When Thomas left for his day's work she was asleep still, and he had held the hope that she would yet get better to his heart all day. So mixed are the motives that sway men that this very hope made him the more ready to go after the rabbits. The savoury broth might help his little ones—and Sally.
So they were glad that night in the little Ashbrook Cottage. Sally had slept till daylight, and woke quiet, cooler-skinned and hungry. The doctor said she would live yet. Thomas went up as usual beside his little ones, and told them about the rabbits that Robins and he had caught, making them laugh at the thought of to-morrow's treat. He had not waited for supper, and his wife brought it up stairs, spreading it out at the foot of the bed where "baby" and "bludder" Jack lay, and then the whole family enjoyed the luxury of a cup of tea in honour of Sally's improvement.
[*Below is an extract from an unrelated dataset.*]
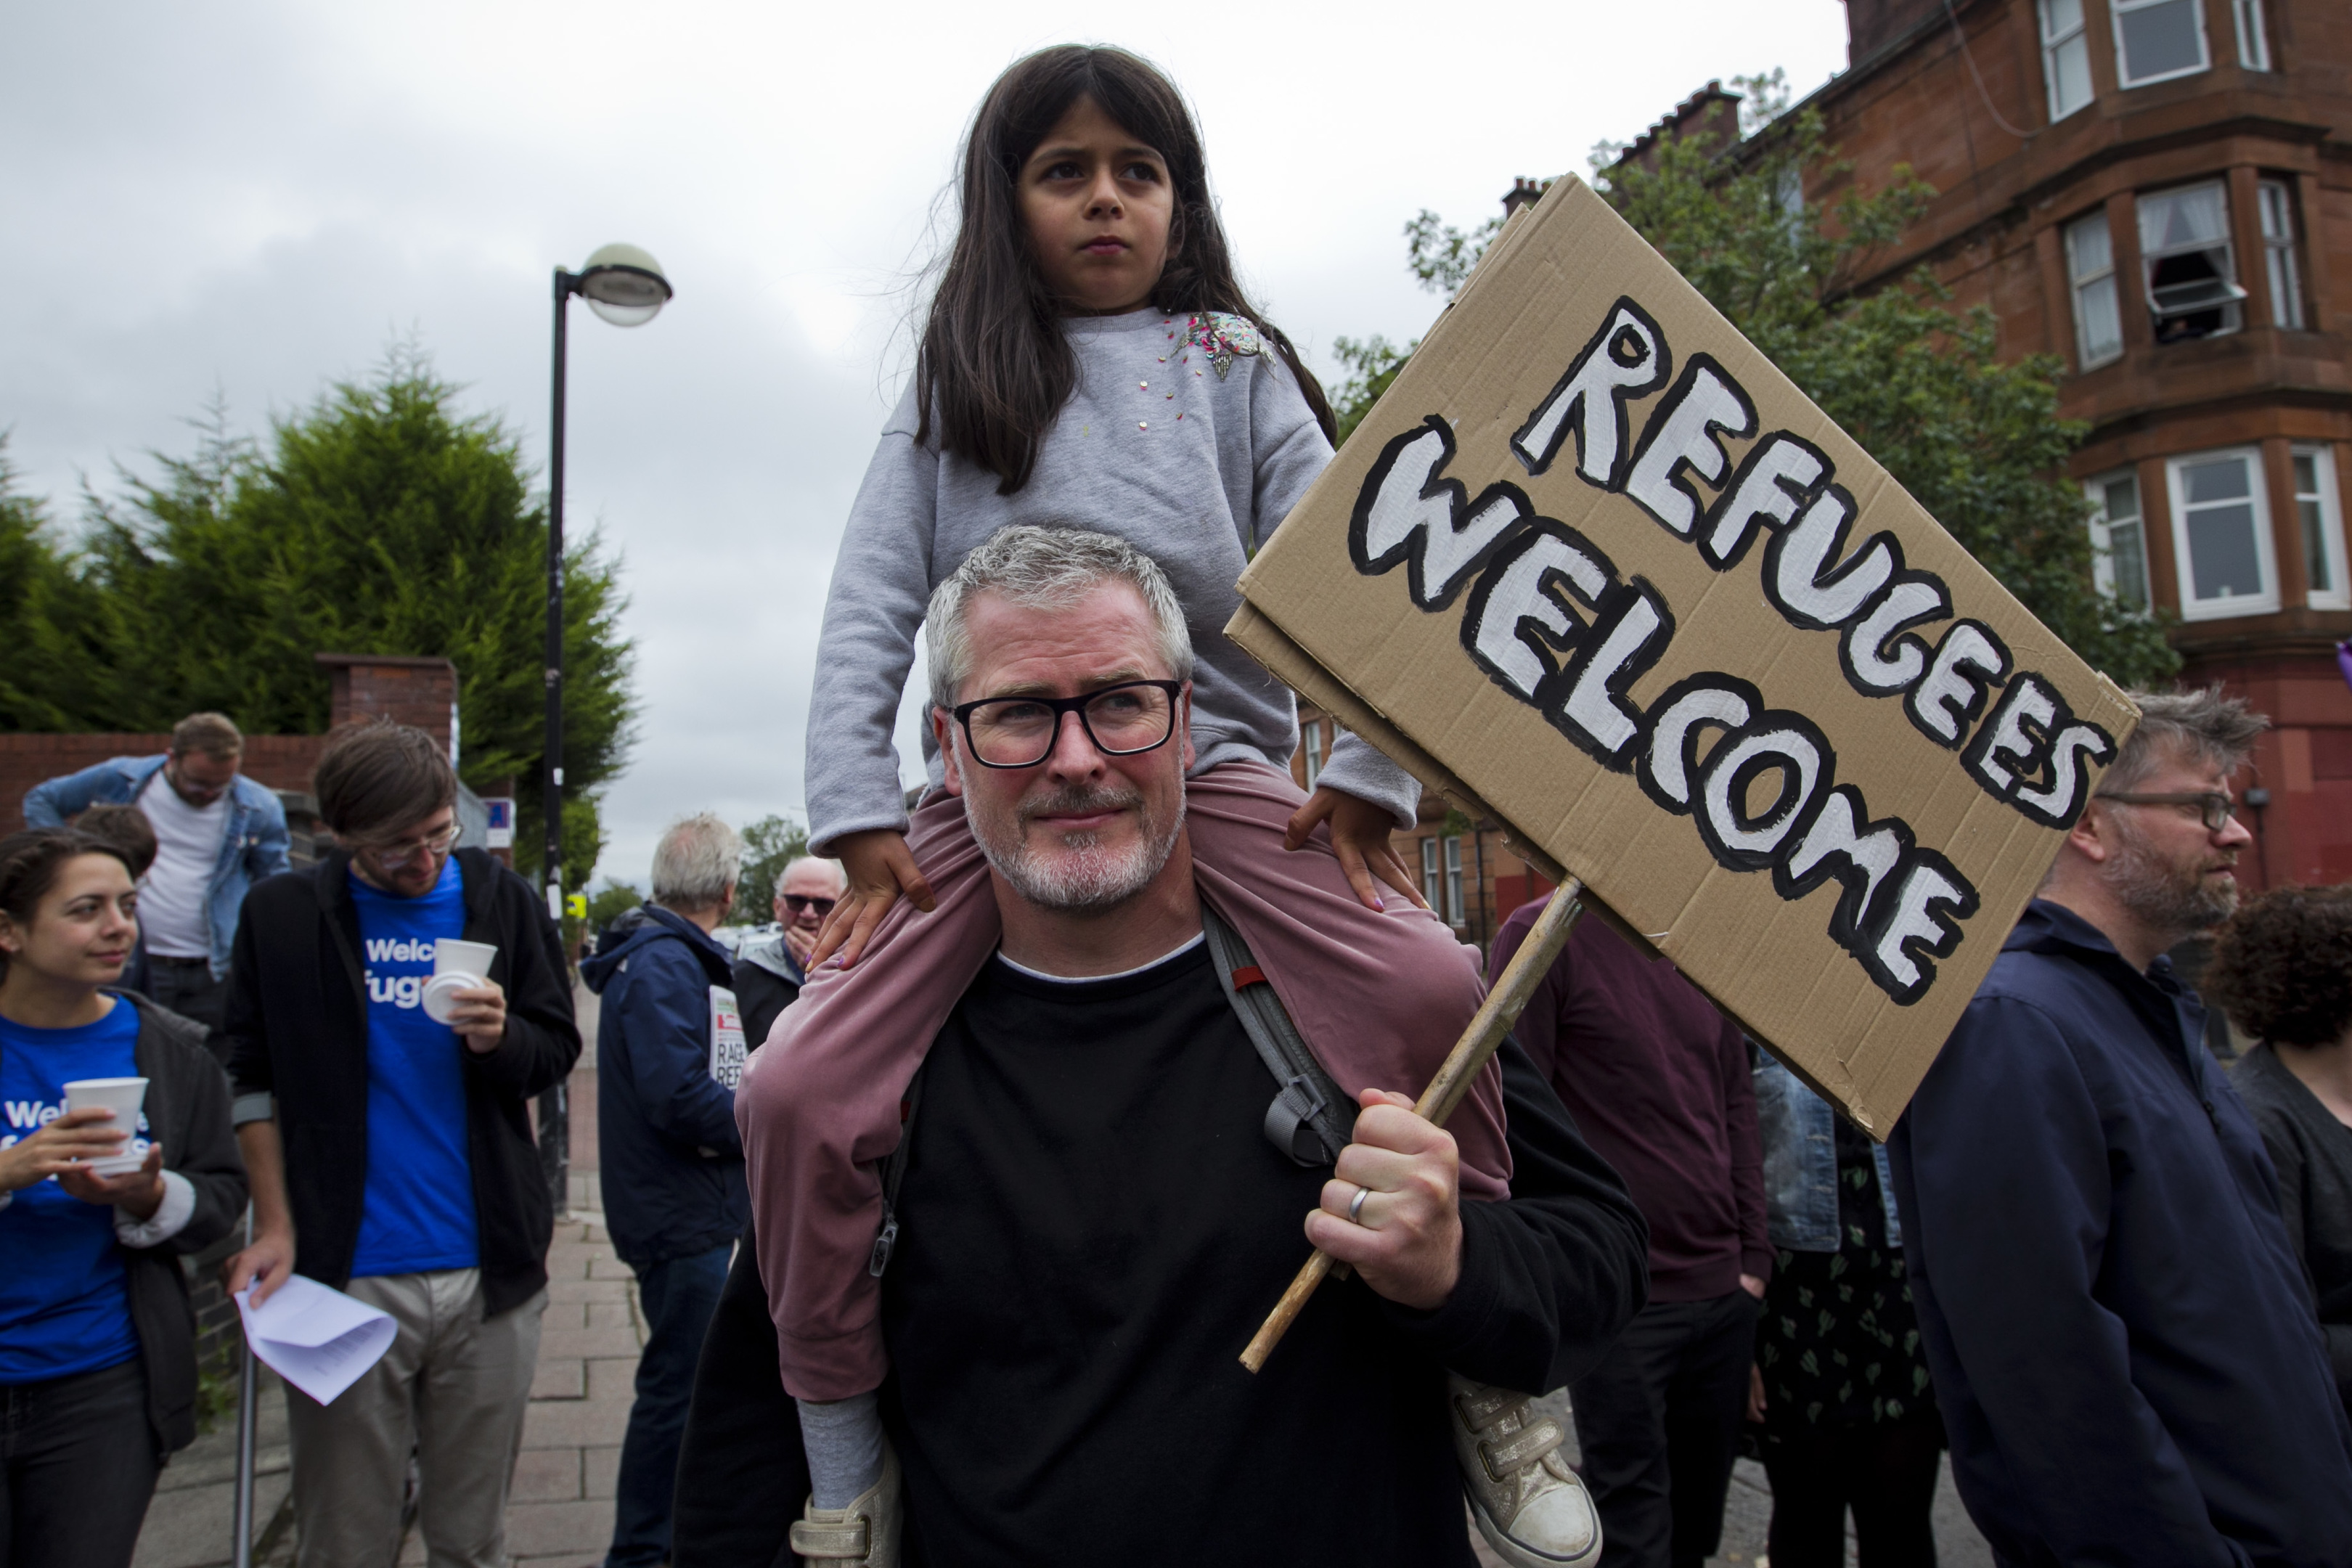 A demonstration outside the Home Office building in Glasgow (Andrew Cawley / DC Thomson)
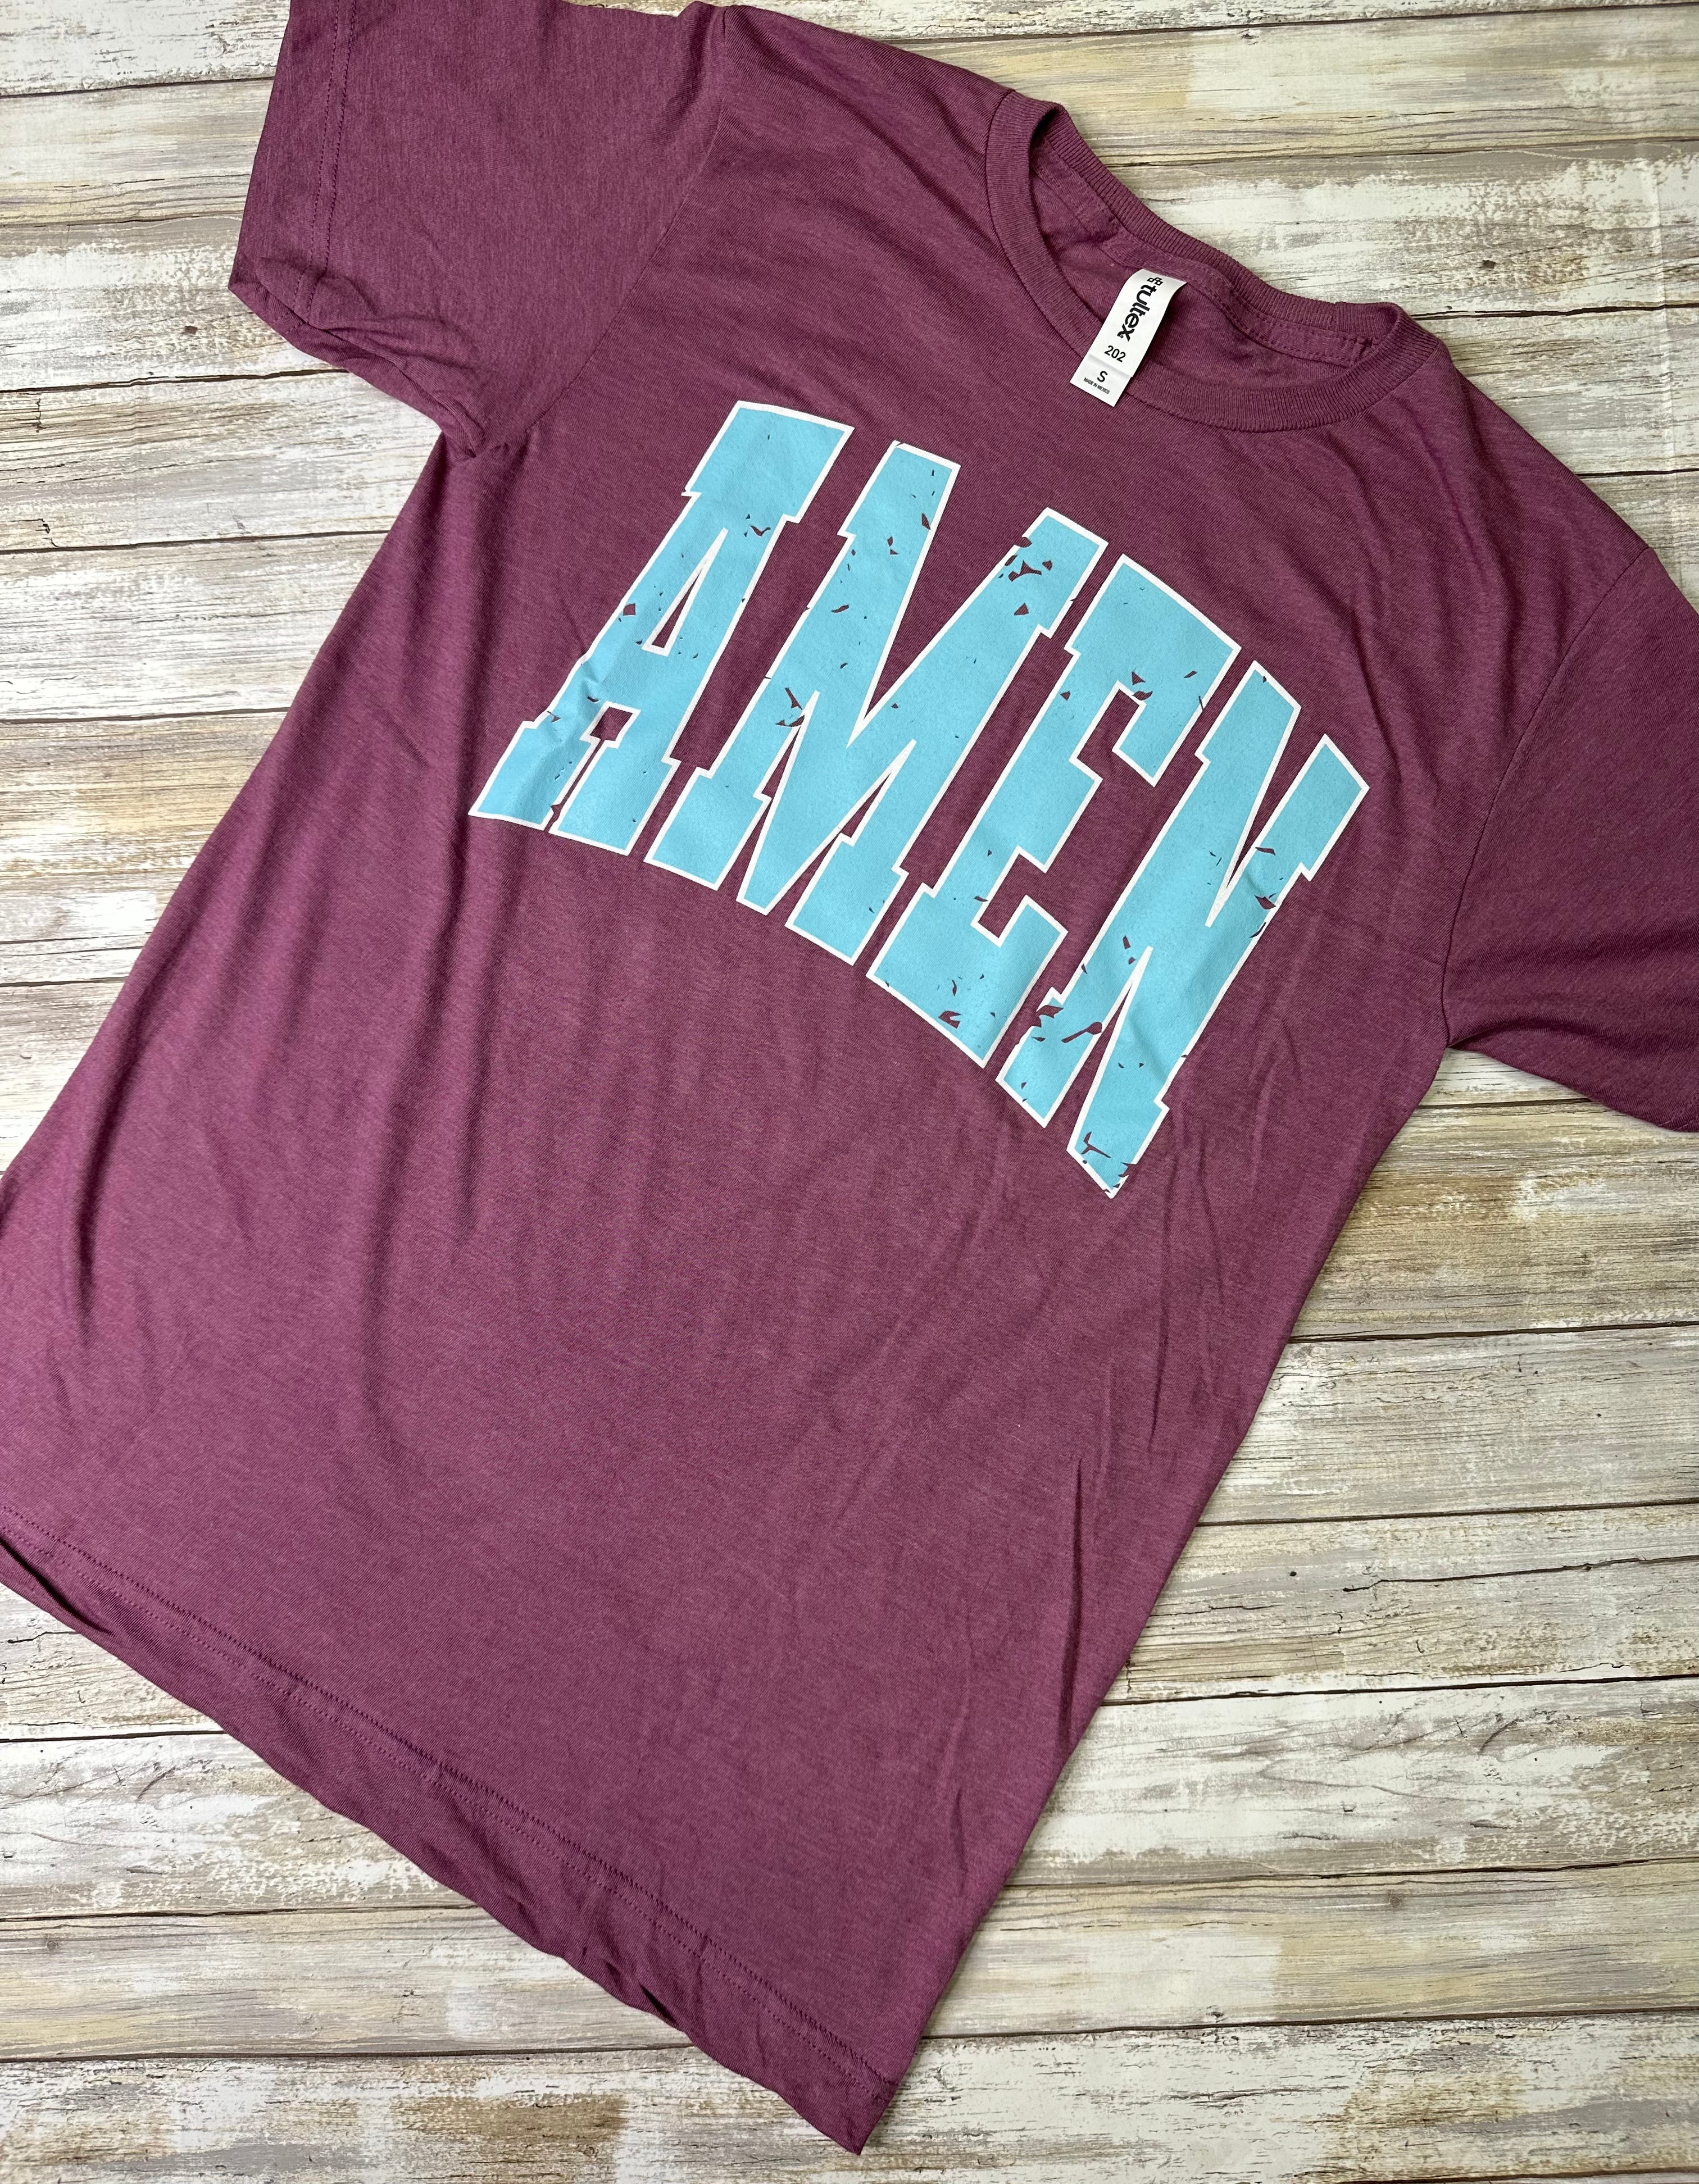 Amen Burgundy and Teal Graphic Tee

How little the labourer suspected[61] then that the hand of vengeance was already stretched forth to blast him and his joys, it might be, for ever. Yet so it was, and thus does life ever mock us, especially if we be poor. And had not Thomas sinned against the English Baal. The sacred laws of property had been violated by him; he had entered its holy of holies—a game preserve—and must bear the penalty.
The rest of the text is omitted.